(Beginning of Material shown)

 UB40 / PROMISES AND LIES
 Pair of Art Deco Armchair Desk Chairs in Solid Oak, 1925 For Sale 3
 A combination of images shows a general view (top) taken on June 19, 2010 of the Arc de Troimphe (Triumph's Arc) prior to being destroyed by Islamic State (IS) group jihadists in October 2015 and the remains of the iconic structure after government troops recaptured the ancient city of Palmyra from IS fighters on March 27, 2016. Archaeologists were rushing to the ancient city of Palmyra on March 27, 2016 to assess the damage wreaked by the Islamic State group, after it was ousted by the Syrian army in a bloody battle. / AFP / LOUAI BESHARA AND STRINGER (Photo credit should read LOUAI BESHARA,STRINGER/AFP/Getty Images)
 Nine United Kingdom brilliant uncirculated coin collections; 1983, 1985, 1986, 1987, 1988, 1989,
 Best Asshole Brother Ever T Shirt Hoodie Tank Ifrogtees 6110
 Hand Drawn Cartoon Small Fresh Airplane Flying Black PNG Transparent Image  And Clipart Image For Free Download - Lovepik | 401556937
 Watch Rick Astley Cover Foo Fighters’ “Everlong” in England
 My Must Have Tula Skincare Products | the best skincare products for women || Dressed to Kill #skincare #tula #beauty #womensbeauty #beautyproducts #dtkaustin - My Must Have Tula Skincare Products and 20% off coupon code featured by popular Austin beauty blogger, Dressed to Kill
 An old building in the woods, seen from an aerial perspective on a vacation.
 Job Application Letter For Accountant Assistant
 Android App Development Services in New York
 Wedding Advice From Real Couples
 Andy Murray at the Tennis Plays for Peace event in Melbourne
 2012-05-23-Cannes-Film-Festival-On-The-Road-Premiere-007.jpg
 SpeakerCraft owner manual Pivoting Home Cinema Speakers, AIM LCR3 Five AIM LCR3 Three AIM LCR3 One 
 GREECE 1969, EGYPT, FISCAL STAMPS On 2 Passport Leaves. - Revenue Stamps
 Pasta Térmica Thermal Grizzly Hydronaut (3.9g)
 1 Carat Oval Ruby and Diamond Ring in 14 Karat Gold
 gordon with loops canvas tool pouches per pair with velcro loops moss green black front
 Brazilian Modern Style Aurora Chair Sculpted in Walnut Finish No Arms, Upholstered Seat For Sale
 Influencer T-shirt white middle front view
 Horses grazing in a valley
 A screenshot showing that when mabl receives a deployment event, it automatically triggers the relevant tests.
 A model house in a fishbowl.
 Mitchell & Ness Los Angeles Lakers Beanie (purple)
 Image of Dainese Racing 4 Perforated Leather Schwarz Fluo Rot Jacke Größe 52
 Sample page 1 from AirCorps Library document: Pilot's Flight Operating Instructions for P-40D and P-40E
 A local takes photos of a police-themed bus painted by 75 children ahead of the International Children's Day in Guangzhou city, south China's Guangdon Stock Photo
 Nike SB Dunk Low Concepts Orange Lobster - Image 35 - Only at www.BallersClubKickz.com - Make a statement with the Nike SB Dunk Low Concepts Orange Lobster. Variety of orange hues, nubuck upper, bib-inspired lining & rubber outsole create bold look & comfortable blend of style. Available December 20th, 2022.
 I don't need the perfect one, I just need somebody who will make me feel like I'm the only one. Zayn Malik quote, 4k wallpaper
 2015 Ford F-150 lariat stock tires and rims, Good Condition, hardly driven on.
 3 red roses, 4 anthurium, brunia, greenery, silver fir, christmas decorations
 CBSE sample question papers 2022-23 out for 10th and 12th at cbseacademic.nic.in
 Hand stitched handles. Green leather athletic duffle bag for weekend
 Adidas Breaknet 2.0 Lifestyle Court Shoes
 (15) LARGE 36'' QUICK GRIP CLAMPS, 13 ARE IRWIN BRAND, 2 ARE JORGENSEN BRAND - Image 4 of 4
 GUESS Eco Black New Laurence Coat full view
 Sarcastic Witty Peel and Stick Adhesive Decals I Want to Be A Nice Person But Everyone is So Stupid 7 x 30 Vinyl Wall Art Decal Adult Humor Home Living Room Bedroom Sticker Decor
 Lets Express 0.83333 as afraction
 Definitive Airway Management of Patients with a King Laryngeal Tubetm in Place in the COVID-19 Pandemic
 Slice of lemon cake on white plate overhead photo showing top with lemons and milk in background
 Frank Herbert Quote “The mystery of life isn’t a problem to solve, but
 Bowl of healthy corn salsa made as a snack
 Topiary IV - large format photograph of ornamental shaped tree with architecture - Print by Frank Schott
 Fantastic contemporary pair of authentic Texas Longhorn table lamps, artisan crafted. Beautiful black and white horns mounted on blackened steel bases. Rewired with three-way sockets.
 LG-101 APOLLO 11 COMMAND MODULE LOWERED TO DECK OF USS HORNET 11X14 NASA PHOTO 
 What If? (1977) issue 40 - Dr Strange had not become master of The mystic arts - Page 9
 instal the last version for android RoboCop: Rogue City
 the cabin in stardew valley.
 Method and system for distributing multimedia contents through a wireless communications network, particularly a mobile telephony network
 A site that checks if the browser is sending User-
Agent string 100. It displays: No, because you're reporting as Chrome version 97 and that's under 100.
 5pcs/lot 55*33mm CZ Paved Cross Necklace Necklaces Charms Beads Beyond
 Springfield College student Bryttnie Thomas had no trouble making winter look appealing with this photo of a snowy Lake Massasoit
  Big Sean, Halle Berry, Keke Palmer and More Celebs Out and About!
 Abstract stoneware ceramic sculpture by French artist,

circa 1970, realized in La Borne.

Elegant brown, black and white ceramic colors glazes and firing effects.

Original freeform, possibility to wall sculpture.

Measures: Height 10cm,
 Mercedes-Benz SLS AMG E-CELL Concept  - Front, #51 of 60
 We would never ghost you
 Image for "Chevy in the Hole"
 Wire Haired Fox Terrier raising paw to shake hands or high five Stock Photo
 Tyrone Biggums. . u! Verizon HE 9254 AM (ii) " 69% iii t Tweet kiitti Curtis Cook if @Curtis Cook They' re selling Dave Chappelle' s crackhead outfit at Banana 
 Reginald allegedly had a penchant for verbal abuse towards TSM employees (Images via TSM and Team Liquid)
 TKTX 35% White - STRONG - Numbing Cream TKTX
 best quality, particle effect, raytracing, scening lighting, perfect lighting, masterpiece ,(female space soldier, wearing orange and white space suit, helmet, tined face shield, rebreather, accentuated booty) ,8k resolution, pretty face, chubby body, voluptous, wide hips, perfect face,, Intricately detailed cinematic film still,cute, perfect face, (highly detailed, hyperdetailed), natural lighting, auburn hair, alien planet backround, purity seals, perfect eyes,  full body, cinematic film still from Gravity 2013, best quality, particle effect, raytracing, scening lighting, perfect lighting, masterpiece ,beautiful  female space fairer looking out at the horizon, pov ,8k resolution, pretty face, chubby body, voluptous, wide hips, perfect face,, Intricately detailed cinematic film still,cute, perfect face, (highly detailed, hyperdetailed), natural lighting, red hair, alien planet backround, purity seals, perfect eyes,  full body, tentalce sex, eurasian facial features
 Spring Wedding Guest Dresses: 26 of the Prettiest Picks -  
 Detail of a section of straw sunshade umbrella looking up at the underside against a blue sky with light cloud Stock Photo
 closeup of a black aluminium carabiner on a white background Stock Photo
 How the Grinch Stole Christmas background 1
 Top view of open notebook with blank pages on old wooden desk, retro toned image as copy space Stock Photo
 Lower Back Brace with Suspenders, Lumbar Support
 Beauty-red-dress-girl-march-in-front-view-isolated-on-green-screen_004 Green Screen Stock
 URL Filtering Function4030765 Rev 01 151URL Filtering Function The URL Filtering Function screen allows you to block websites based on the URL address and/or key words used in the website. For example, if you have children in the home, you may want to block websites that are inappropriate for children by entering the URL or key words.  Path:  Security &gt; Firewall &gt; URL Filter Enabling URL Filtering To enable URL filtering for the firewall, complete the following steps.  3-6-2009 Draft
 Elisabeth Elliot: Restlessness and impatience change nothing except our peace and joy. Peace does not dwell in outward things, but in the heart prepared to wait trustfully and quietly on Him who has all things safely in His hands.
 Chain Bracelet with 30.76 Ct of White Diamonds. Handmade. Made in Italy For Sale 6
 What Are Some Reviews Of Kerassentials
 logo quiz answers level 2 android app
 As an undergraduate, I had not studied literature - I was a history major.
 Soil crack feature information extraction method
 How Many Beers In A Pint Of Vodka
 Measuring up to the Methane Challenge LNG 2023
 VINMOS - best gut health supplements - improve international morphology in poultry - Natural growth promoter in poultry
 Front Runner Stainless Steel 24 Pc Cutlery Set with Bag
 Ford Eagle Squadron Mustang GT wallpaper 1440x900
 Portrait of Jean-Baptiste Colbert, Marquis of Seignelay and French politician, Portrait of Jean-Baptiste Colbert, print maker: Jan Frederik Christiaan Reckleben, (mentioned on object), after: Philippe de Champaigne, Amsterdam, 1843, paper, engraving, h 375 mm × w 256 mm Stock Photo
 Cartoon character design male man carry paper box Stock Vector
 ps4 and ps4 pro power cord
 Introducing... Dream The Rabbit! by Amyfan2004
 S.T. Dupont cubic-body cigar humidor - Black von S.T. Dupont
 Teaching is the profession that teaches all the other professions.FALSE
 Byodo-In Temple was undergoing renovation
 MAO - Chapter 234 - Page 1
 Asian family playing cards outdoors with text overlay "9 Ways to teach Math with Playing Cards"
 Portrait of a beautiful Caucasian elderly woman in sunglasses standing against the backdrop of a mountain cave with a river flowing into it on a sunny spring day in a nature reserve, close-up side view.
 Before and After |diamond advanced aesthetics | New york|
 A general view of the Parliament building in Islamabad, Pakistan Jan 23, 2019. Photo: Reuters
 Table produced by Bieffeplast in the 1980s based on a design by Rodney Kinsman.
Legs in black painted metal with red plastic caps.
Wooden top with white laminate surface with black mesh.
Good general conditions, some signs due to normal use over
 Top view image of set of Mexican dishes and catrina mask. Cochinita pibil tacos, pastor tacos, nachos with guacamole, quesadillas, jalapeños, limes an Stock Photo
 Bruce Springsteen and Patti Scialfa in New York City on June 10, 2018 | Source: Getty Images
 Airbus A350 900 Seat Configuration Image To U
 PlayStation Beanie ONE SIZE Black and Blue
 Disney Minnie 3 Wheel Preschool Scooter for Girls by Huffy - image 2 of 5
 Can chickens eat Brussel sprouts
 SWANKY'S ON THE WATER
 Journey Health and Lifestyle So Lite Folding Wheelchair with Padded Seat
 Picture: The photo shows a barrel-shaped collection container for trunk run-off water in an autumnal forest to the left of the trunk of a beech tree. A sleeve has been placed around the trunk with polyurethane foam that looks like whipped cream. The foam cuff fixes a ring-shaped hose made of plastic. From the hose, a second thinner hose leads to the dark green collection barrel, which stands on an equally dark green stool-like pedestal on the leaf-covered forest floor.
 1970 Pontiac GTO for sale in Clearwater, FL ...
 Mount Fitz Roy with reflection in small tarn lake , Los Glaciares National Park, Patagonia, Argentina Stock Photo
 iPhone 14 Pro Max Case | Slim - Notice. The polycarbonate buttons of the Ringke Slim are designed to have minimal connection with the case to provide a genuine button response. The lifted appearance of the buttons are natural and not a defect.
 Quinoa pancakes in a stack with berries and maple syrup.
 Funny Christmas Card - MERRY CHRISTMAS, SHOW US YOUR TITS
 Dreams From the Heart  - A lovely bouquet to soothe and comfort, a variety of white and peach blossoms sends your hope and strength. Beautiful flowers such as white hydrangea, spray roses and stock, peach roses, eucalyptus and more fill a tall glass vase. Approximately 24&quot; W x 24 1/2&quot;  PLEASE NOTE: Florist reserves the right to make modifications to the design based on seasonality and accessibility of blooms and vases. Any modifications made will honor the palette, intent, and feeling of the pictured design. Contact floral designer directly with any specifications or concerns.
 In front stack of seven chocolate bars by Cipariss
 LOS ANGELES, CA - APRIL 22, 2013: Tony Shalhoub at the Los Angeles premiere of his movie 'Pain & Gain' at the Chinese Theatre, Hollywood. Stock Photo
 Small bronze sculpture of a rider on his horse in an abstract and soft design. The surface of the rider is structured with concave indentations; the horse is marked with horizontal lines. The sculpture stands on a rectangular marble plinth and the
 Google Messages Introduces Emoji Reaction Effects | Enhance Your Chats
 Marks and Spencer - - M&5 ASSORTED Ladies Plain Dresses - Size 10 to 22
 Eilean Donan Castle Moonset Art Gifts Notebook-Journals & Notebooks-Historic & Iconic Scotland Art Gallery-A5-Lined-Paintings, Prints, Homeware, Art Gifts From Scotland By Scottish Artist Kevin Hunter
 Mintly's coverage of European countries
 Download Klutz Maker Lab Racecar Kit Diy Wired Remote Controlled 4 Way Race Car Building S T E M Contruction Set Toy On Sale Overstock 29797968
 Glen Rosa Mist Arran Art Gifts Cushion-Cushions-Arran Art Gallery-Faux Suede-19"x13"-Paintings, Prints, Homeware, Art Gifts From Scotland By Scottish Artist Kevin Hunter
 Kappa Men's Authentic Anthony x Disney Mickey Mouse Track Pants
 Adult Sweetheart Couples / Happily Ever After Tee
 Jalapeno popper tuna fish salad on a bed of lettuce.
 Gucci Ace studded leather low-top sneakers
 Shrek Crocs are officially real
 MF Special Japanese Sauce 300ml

(End of Material shown)

| Task description |
Transcribe, please, every line from the first line of the listing above through the line with "Watch Rick Astley". Keep both ends and nothing else.

| Solution |
 UB40 / PROMISES AND LIES
 Pair of Art Deco Armchair Desk Chairs in Solid Oak, 1925 For Sale 3
 A combination of images shows a general view (top) taken on June 19, 2010 of the Arc de Troimphe (Triumph's Arc) prior to being destroyed by Islamic State (IS) group jihadists in October 2015 and the remains of the iconic structure after government troops recaptured the ancient city of Palmyra from IS fighters on March 27, 2016. Archaeologists were rushing to the ancient city of Palmyra on March 27, 2016 to assess the damage wreaked by the Islamic State group, after it was ousted by the Syrian army in a bloody battle. / AFP / LOUAI BESHARA AND STRINGER (Photo credit should read LOUAI BESHARA,STRINGER/AFP/Getty Images)
 Nine United Kingdom brilliant uncirculated coin collections; 1983, 1985, 1986, 1987, 1988, 1989,
 Best Asshole Brother Ever T Shirt Hoodie Tank Ifrogtees 6110
 Hand Drawn Cartoon Small Fresh Airplane Flying Black PNG Transparent Image  And Clipart Image For Free Download - Lovepik | 401556937
 Watch Rick Astley Cover Foo Fighters’ “Everlong” in England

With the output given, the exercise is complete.